Ciena has also announced its own 8180 platform that supports 6.4 terabits of switching capacity, yet Ciena says the 8180 uses a Tomahawk 3, implying the platform will scale to 12.8Tbps.
Niall Robinson,vice president, global business development at ADVA, a member of TIP and the Voyager initiative, makes the point that since the bulk of the traffic remains within the data centre, the packet optical switch capacity and the switch silicon it uses need not be the latest generation IC.
“Eventually, the packet-optical boxes will migrate to these larger switching chips but with some considerable time lag compared to their introduction inside the data centre,” says Robinson.
The advent of 400-gigabit client-port optics will drive the move to higher-capacity platforms such as the Voyager because it is these larger chips that can support 400-gigabit ports. “Perhaps a Jericho 2 at 9.6-terabit is sufficient compared to a Tomahawk 3 at 12.8-terabit,” says Robinson.
Edgecore Networks, the originator of the Cassini platform, says it too is interested in the Tomahawk 3 for its Cassini platform.
“We have a Tomahawk 3 platform that is sampling now,” says Bill Burger, vice president, business development and marketing, North America at Edgecore Networks, referring to a 12.8Tbps open networking switch that supports 32, 400-gigabit QSFP-DD modules that has been contributed to the Open Compute Project (OCP).

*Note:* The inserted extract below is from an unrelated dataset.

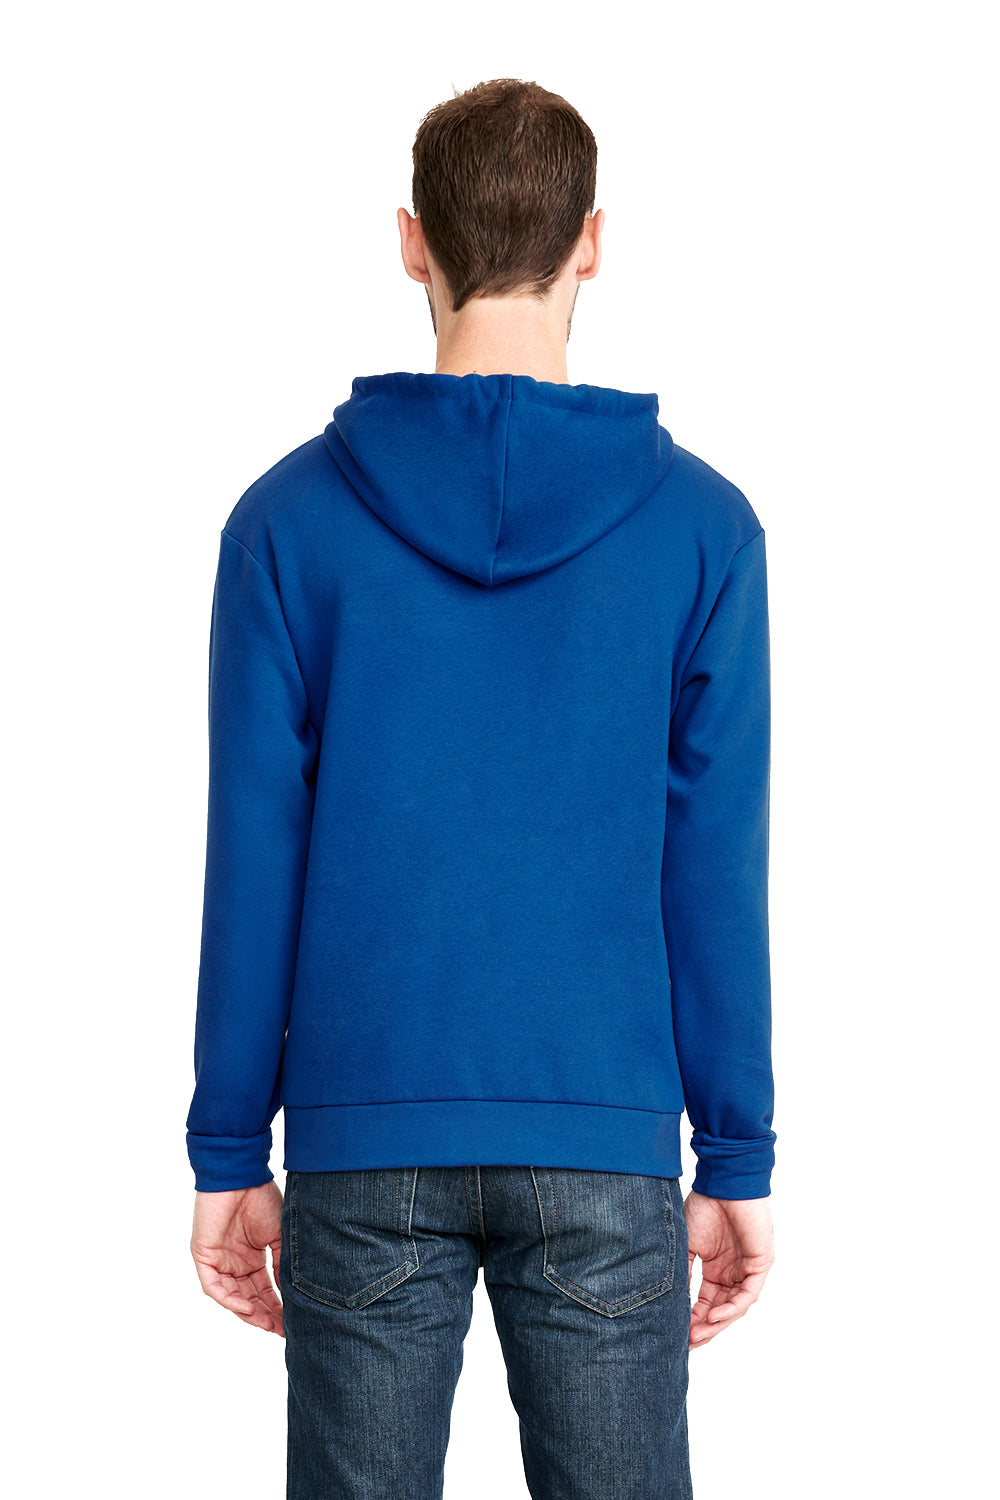 Next Level 9602 Mens Fleece Full Zip Hooded Sweatshirt Hoodie Royal Blue Back

Broadcom’s Sankar highlights the work of the OCP and TIP in promoting disaggregated hardware and software. The initiatives have created a forum for open specifications, increased the number of hardware players and therefore competition while reducing platform-development timescales.
“There continues to be strong interest in white-box systems and strong signalling to the market to build white-box platforms,” says Sankar.
The issue, however, is the lack of volume deployments to justify the investment made in disaggregated designs.
“The places in the industry where white boxes have taken off continues to be the hyperscalers, and a handful of hyperscalers at that,” says Sankar. “The industry has yet to take up disaggregated networking hardware at the rate at which it is spreading at least the appearance of demand.”
Sankar is looking for the industry to narrow the choice of white-box solutions available and for the emergence of a consumption model for white boxes beyond just several hyperscalers.